Gentiopicroside Ameliorated Ductular Reaction and Inflammatory Response in DDC-induced Murine Cholangiopathies Model
Copyright© Bentham Science Publishers; For any queries, please email at epubbenthamscience.net..
BACKGROUND: Cholangiopathies comprise a spectrum of diseases without curative treatments. Pharmacological treatments based on bile acid (BA) metabolism regulation represent promising therapeutic strategies for the treatment of cholangiopathies. Gentiopicroside (GPS), derived from the Chinese medicinal herb Gentianae Radix, exerts pharmacological effects on bile acid metabolism regulation and oxidative stress.

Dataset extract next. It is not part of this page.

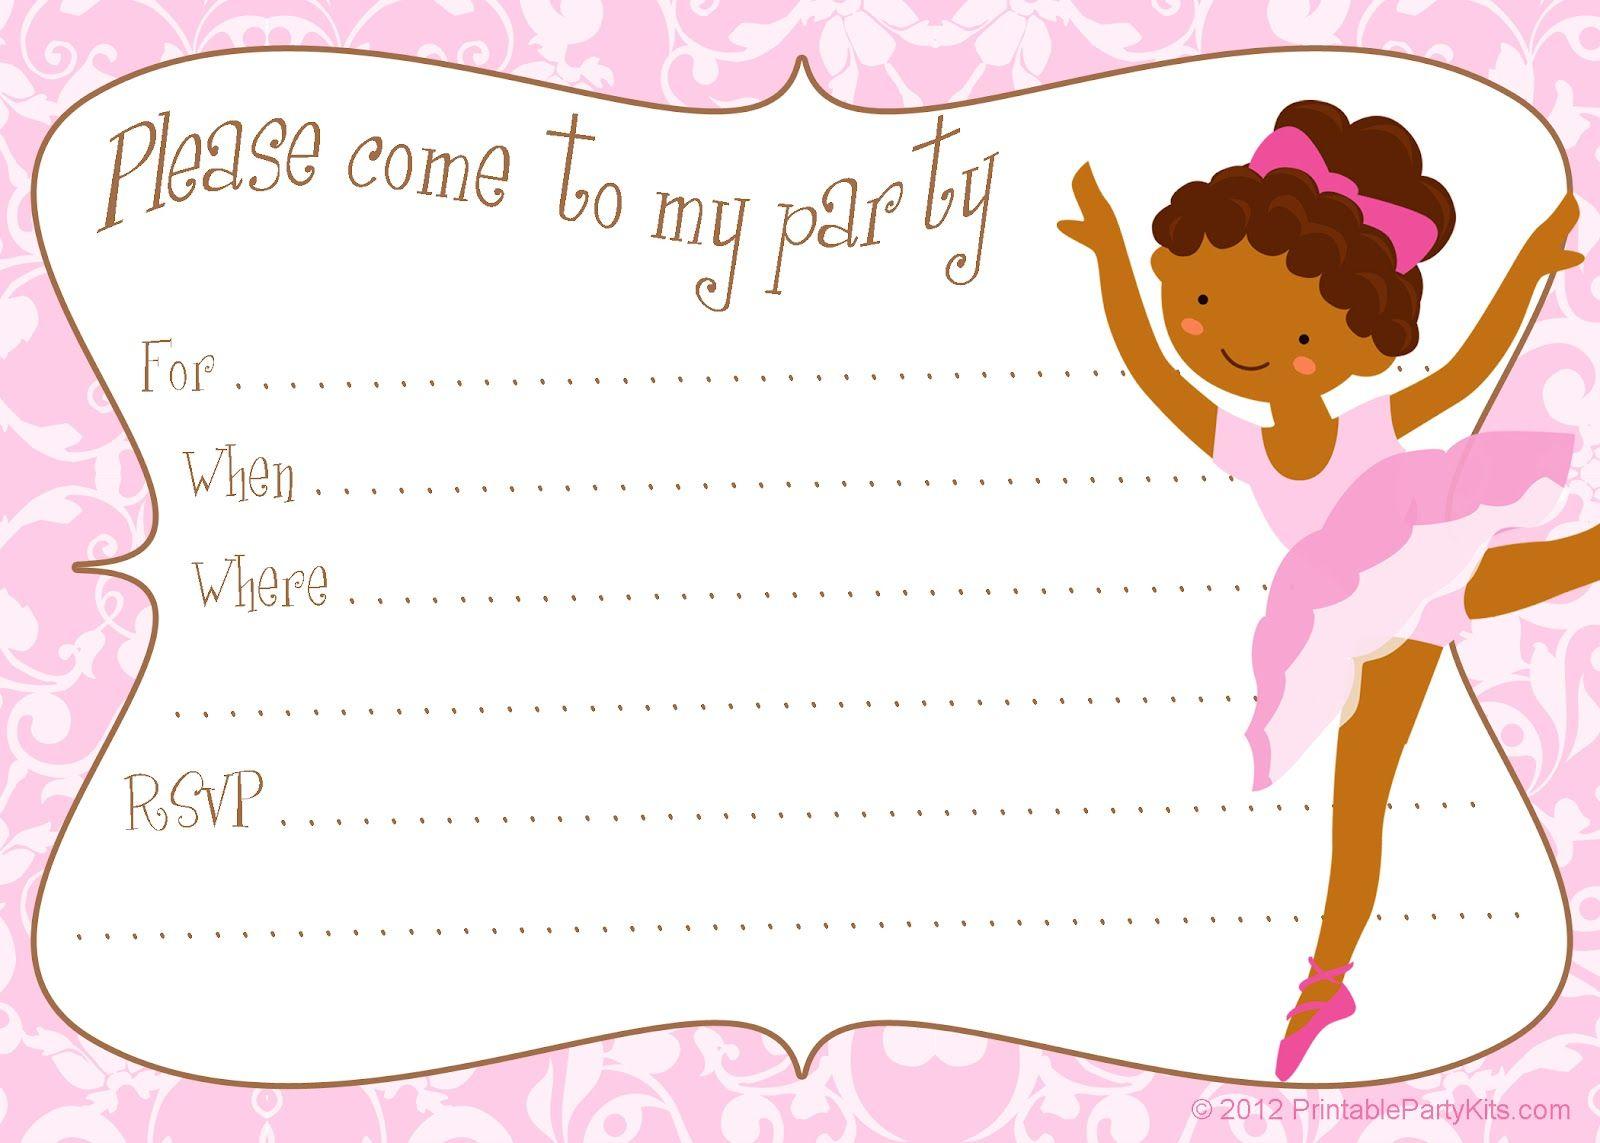 Free Printable Diy Ballerina Invitation Template | Party Printables - Free Printable Ballerina Birthday Invitations
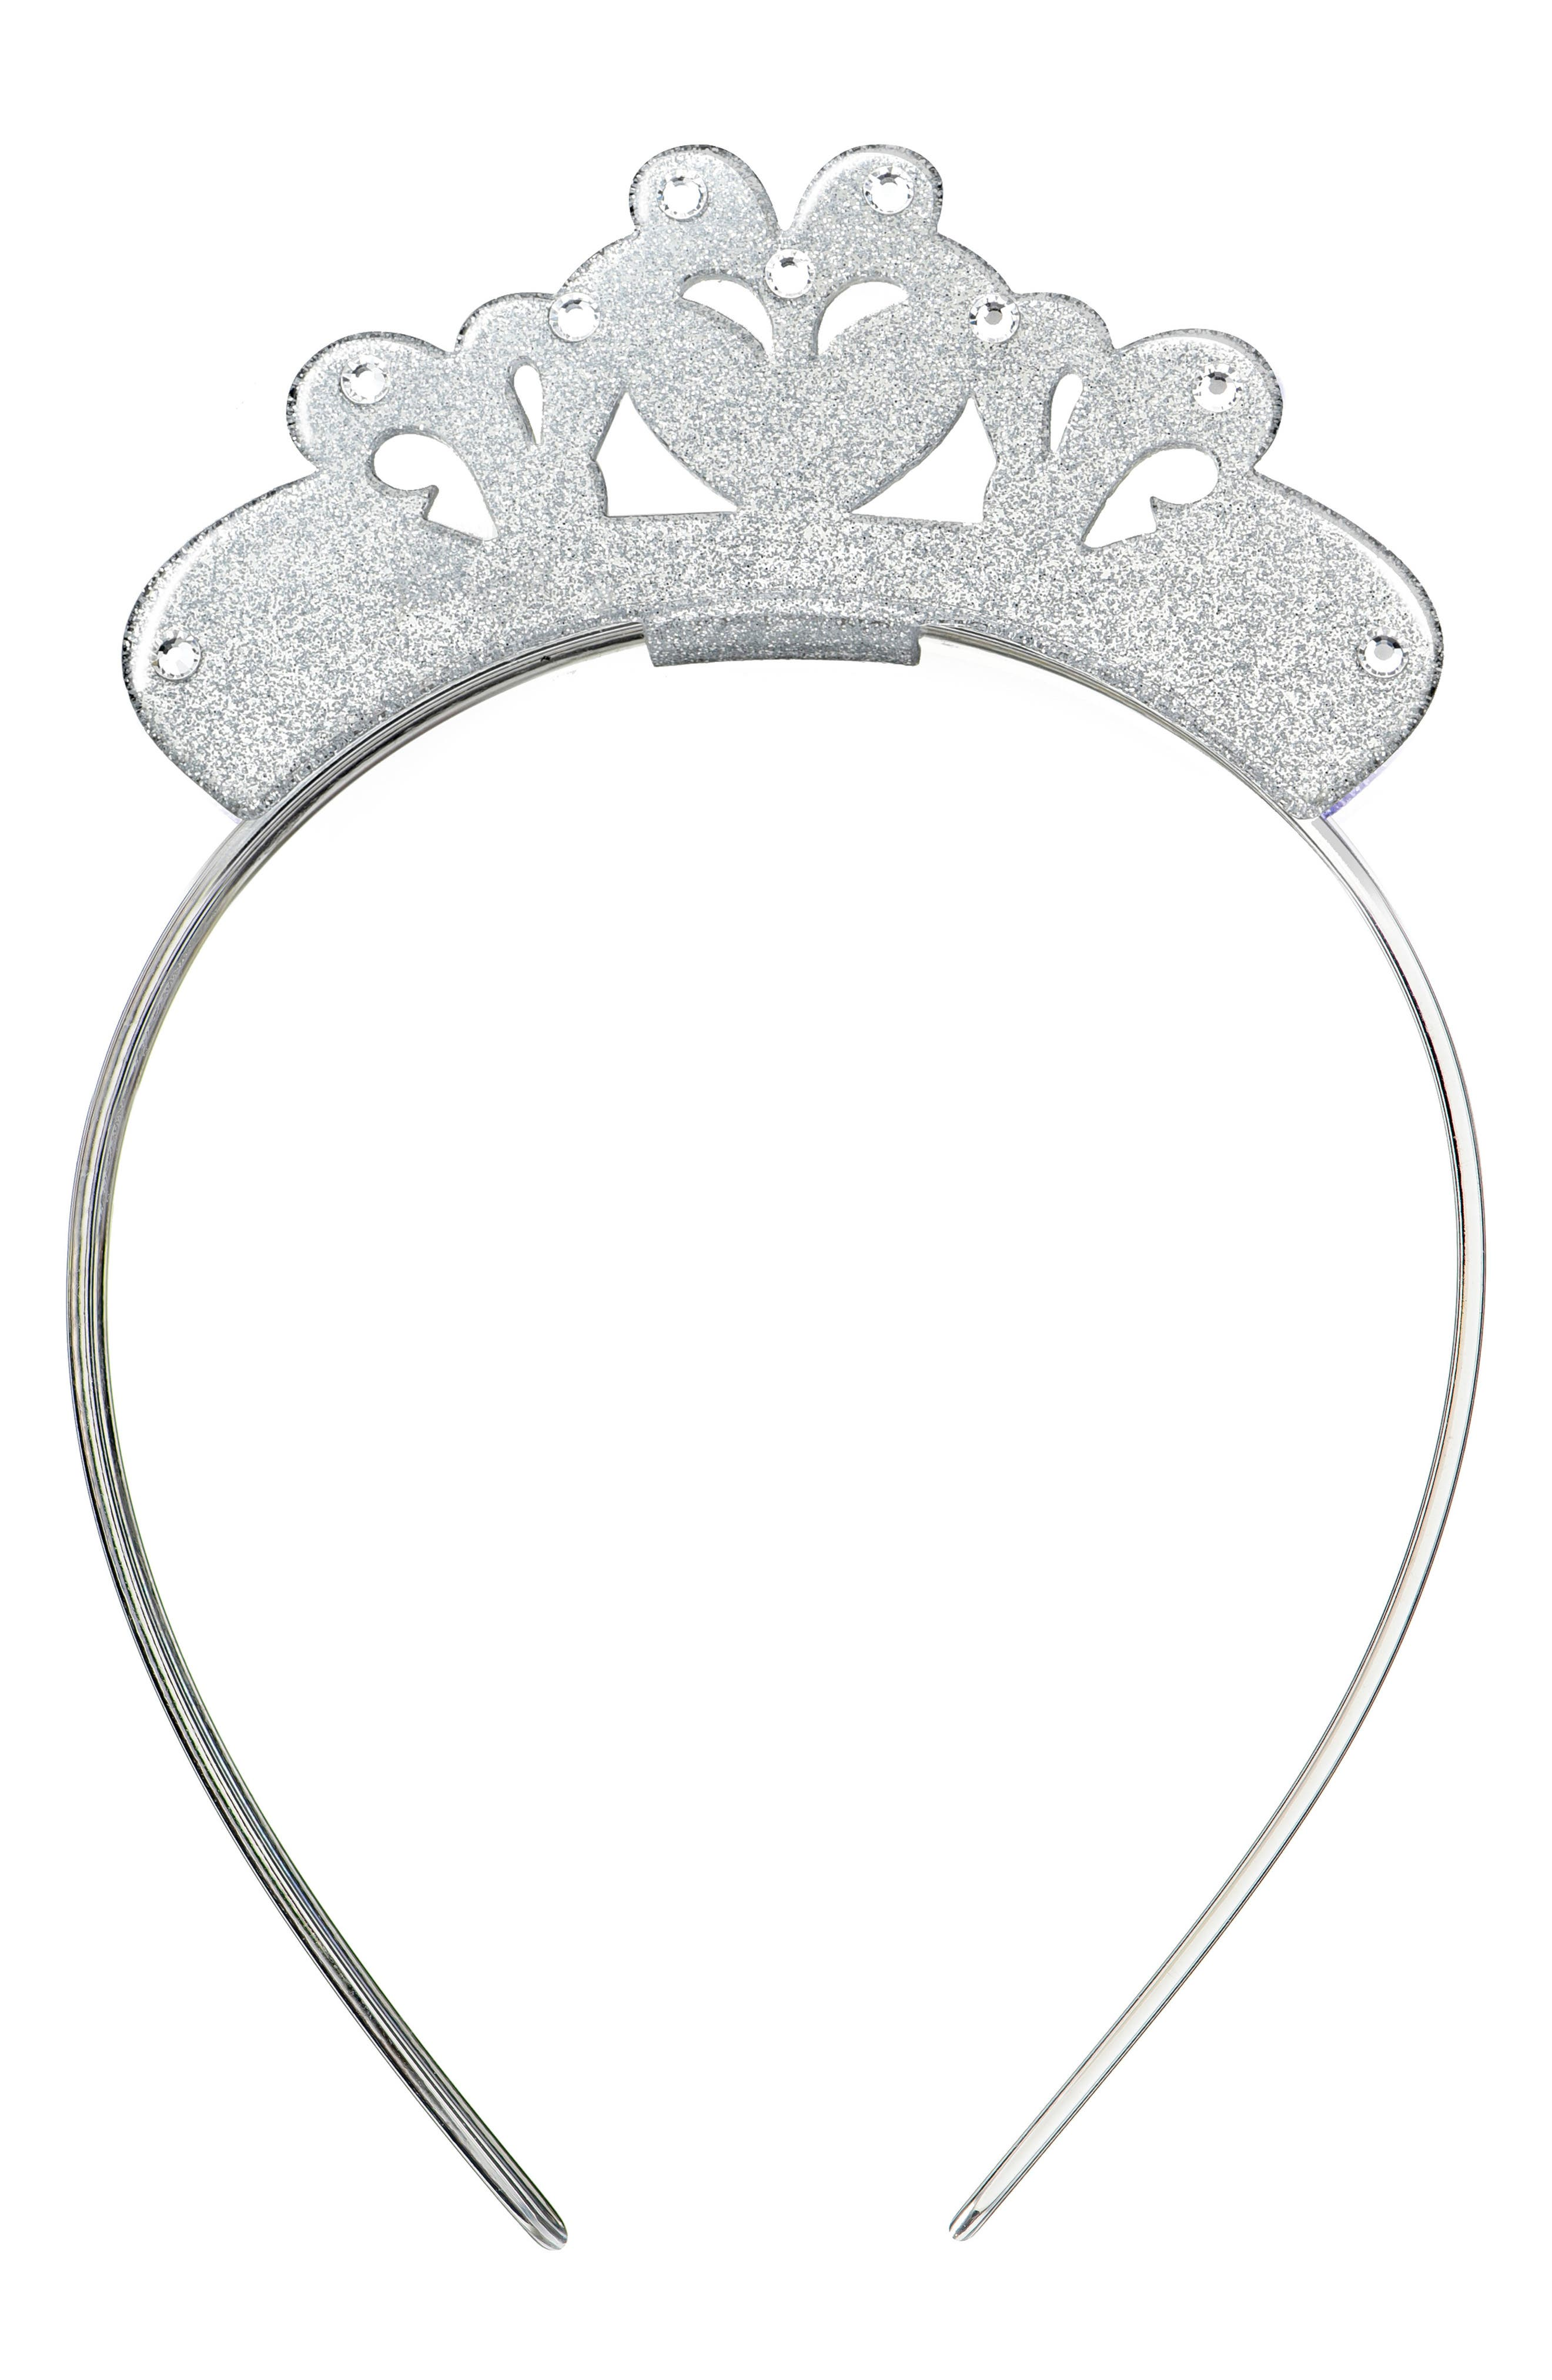 Main Image - Lilies & Roses NY Crown Headband

OBJECTIVE: The present study aims to investigate the effect of GPS on 3,5-diethoxycarbonyl-1,4dihydrocollidine (DDC)-induced cholangiopathy.
METHODS: Two independent animal experiments were designed to evaluate the comprehensive effect of GPS on chronic DDC diet-induced cholangiopathy, including bile duct obliteration, ductular reaction, BA metabolism reprogramming, liver fibrosis, oxidative stress and inflammatory responses.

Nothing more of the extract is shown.